# Dialogue (tenses)



## nycphotography

Dois tipos são sentado sub um arvore:
-- E se não houver vida depois da morte?  Supõe que só temos direito a isto.
-- Ora, não me importo.  Mesmo Assim.  Aceito.
-- Pois, mas eu gostaria de saber já se não vou ter a recompensa eterna pelo meu comportamento.

Can I please see some translations of this one?  

I'm curious what shades of meaning and translations I get from native portuguese speakers.

Thank you all.


----------



## Outsider

nycphotography said:
			
		

> Dois tipos são sentado sub um arvore:
> 
> Two guys are sitting under a tree.


Did you write the sentence above yourself?

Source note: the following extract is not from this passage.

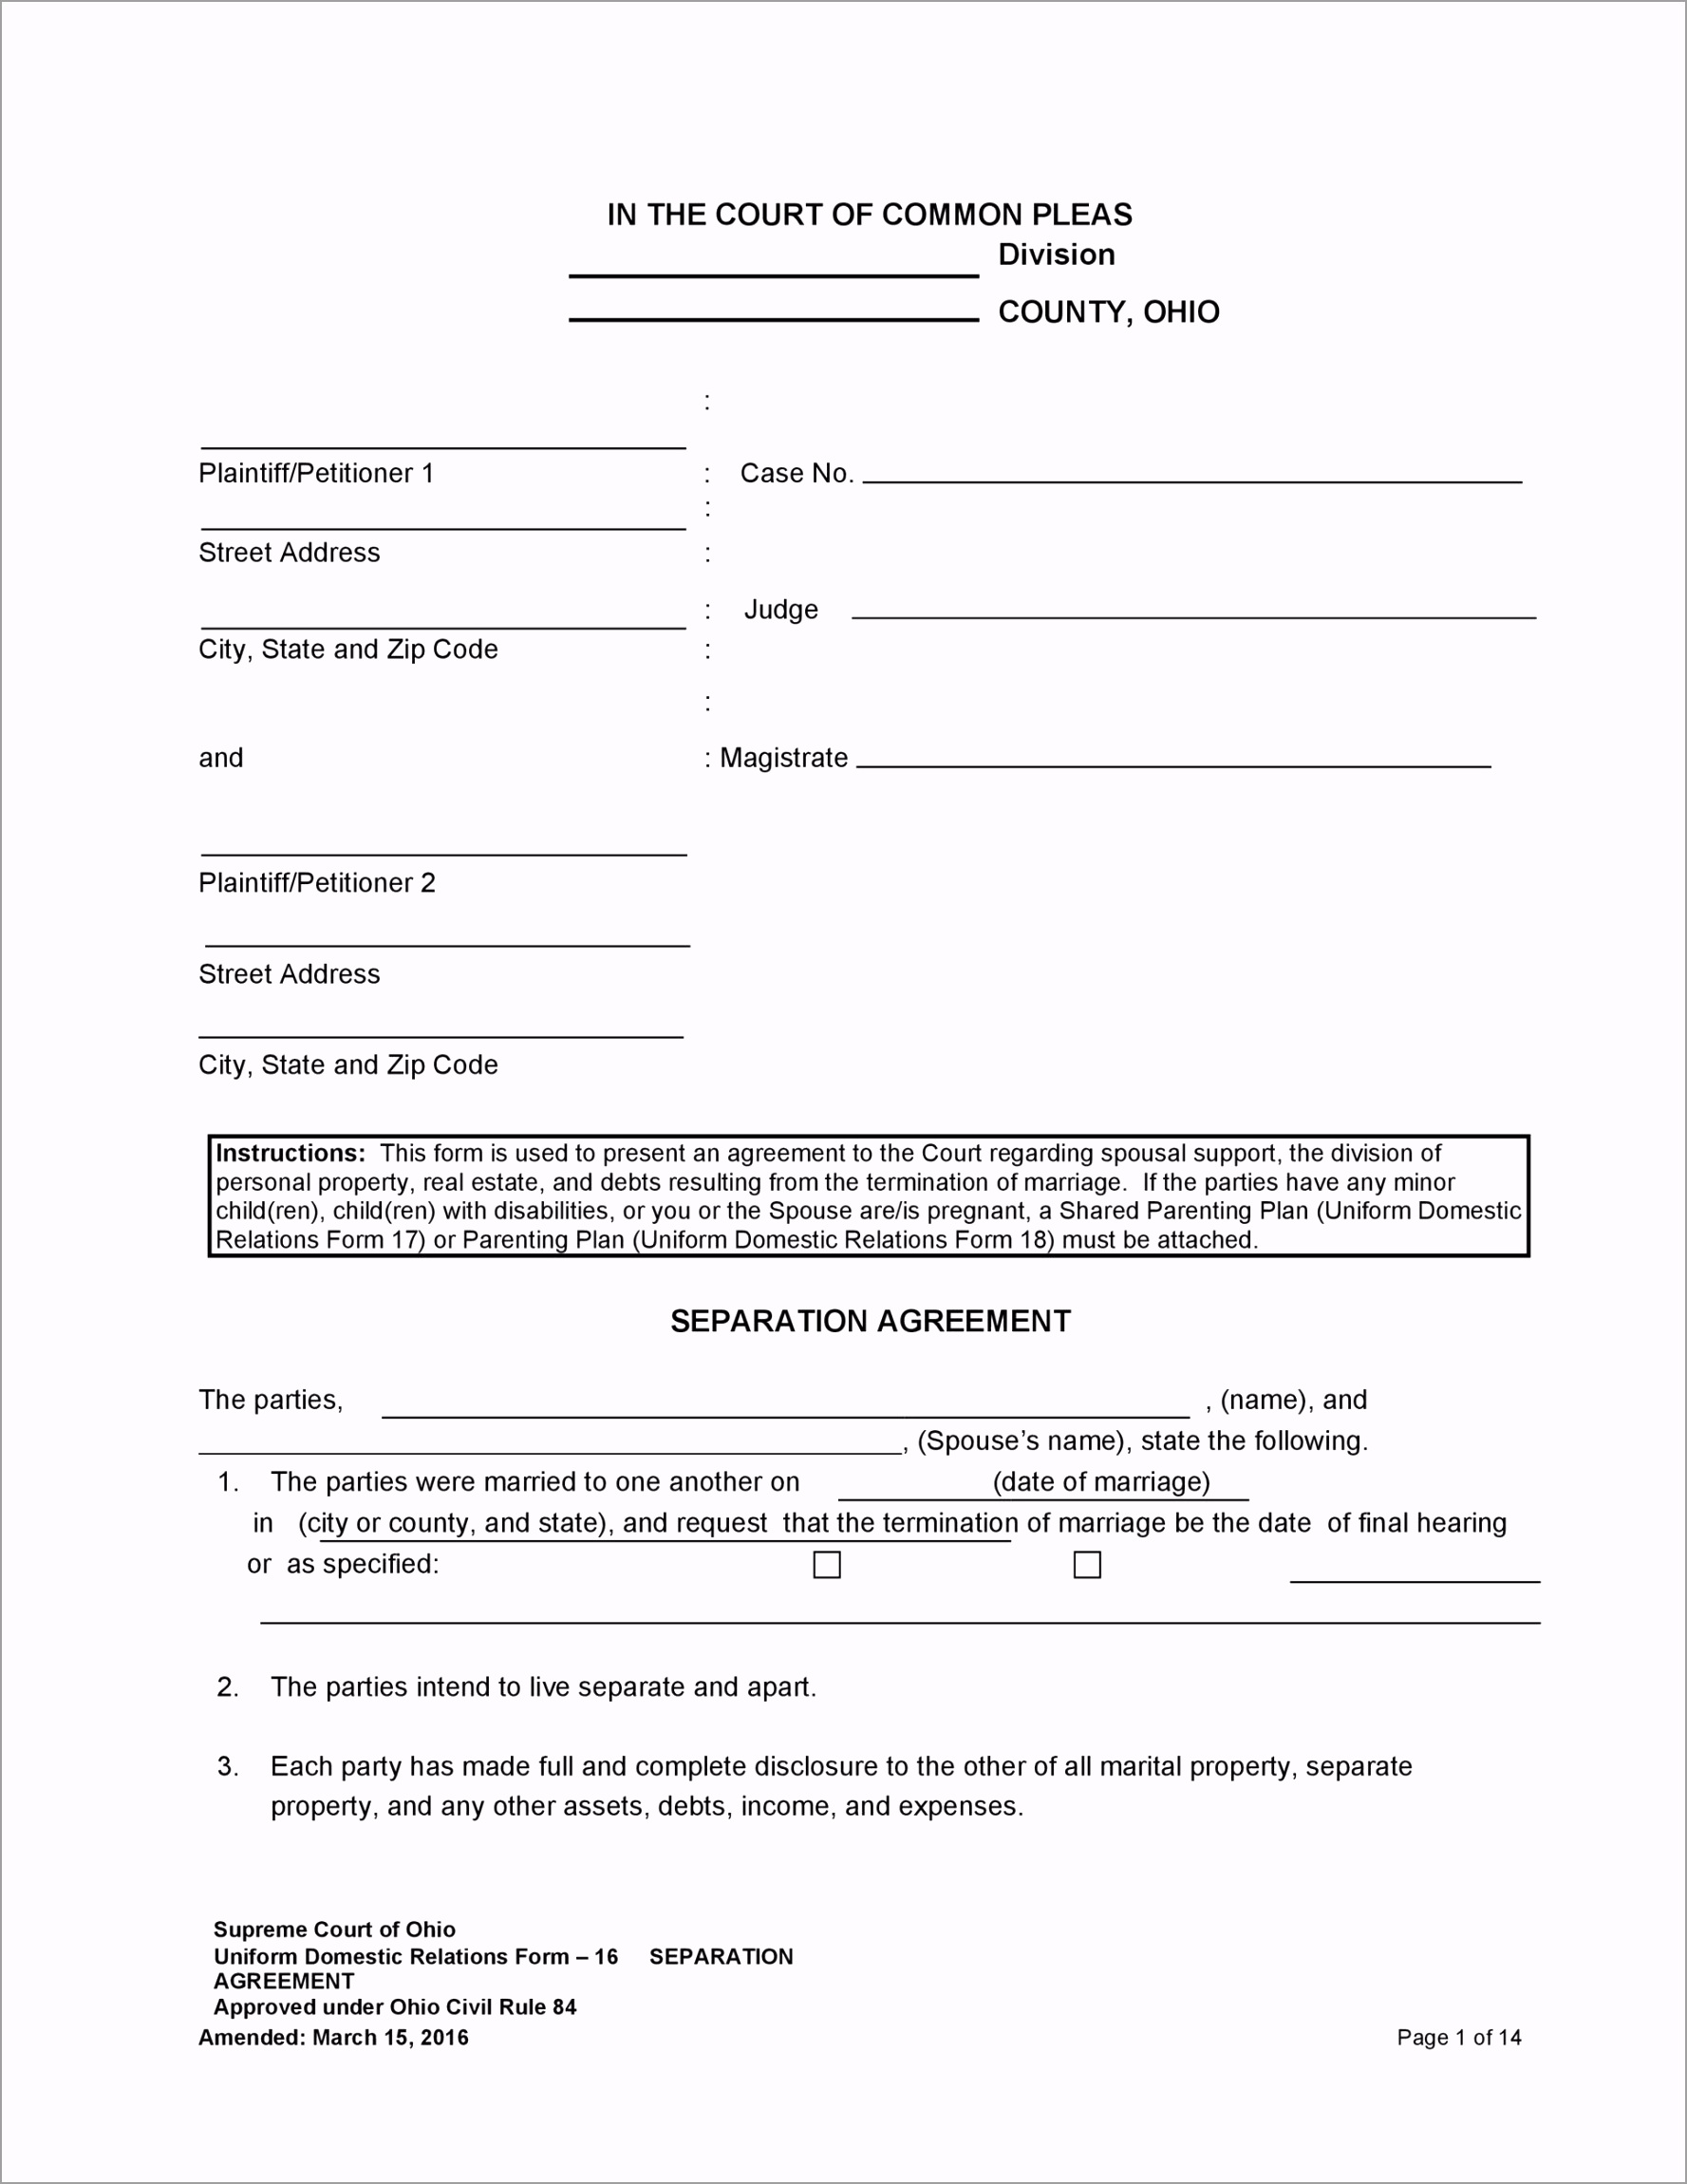 Separation Agreement Template 29 iorrw
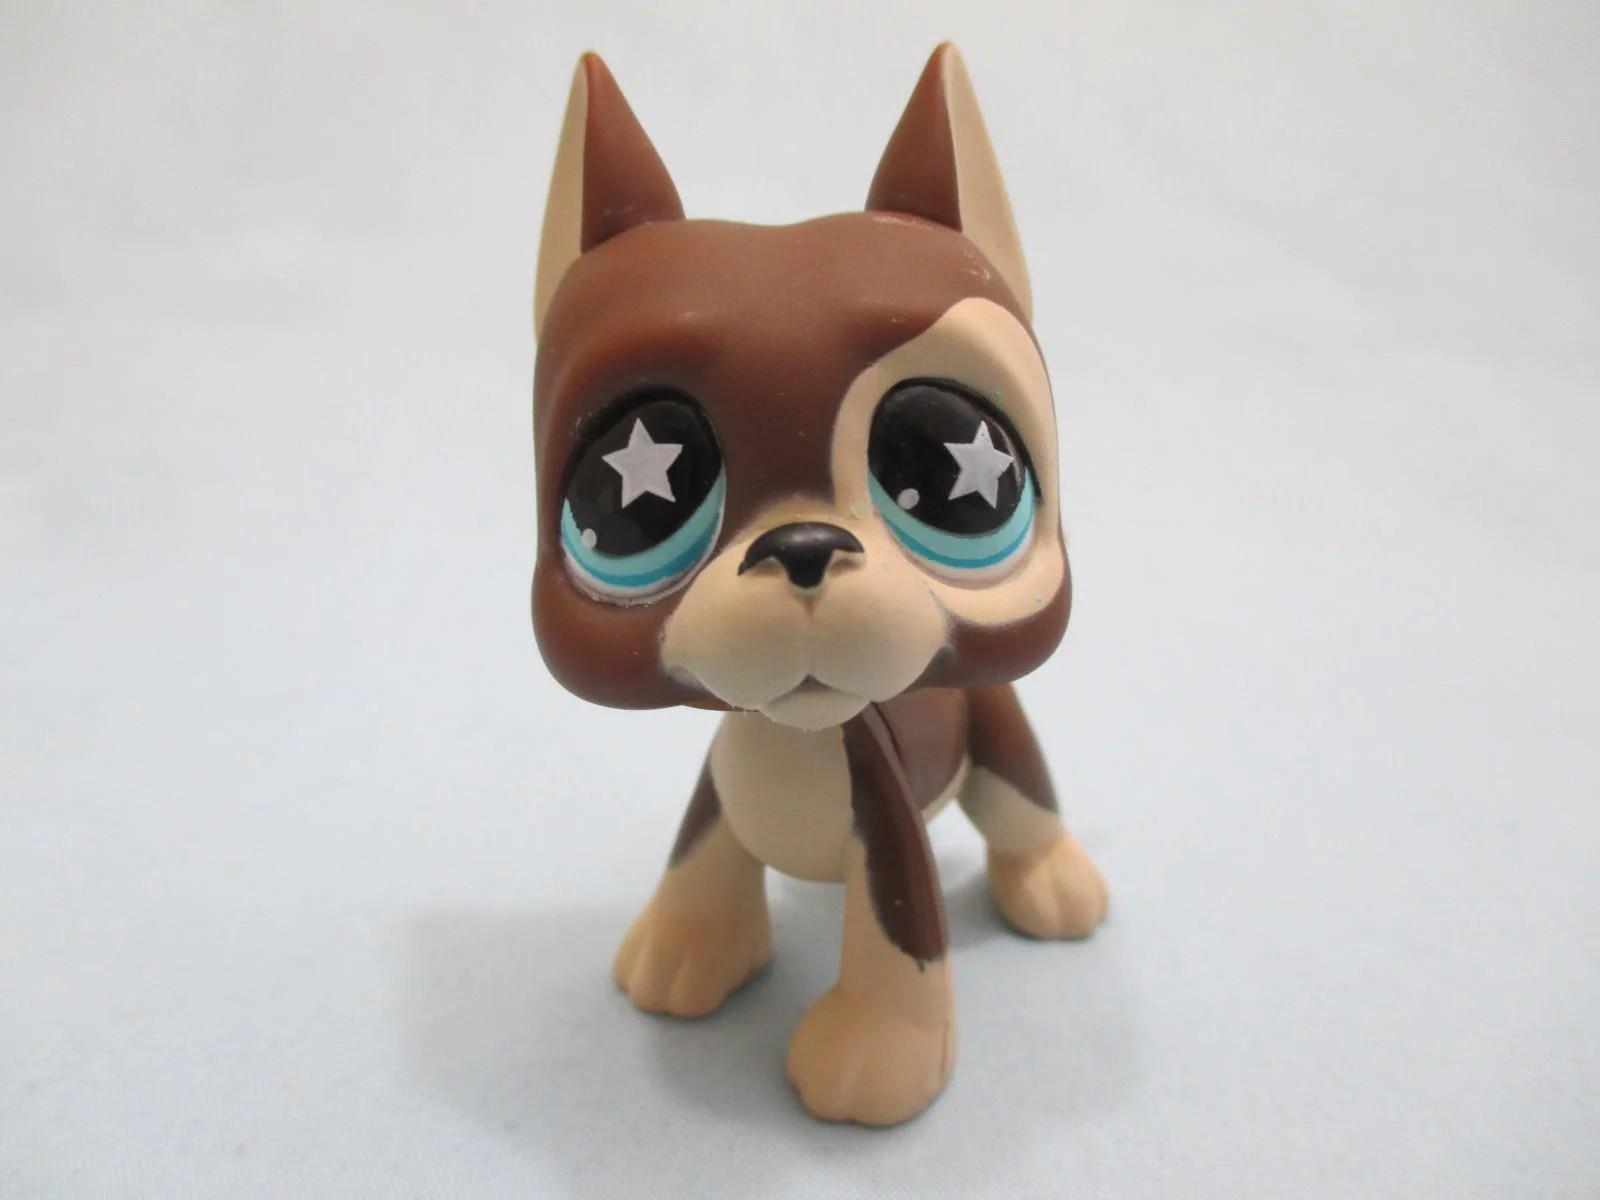 Littlest Pet Lps Great Dane Dog #817 Brown Cream With

_-- E se não houver vida depois da morte?  Supõe que só temos direito a isto.
'What if there is no life after death? Suppose this is all we're entitled to.'

-- Ora, não me importo.  Mesmo Assim.  Aceito.
'Oh, I won't mind. I'll take it. Anyway.'

-- Pois, mas eu gostaria de saber já se não vou ter a recompensa eterna pelo meu comportamento.
'Yeah, but I'd like to know now if I won't be getting the eternal reward for my behaviour.'_


----------



## Vanda

nycphotography said:
			
		

> Dois tipos são sentado sub um arvore:
> -- E se não houver vida depois da morte? Supõe que só temos direito a isto.
> -- Ora, não me importo. Mesmo Assim. Aceito.
> -- Pois, mas eu gostaria de saber já se não vou ter a recompensa eterna pelo meu comportamento.
> 
> Can I please see some translations of this one?
> 
> I'm curious what shades of meaning and translations I get from native portuguese speakers.
> 
> Thank you all.


 
Two guys are sitting under a tree:
- what if there's no life after death after all? One can thing this is all we've got.
- Well, I don't mind. Anyway, I accept that.
- As for me, I'd like to know now if I'm not having the eternal reward by my behavior....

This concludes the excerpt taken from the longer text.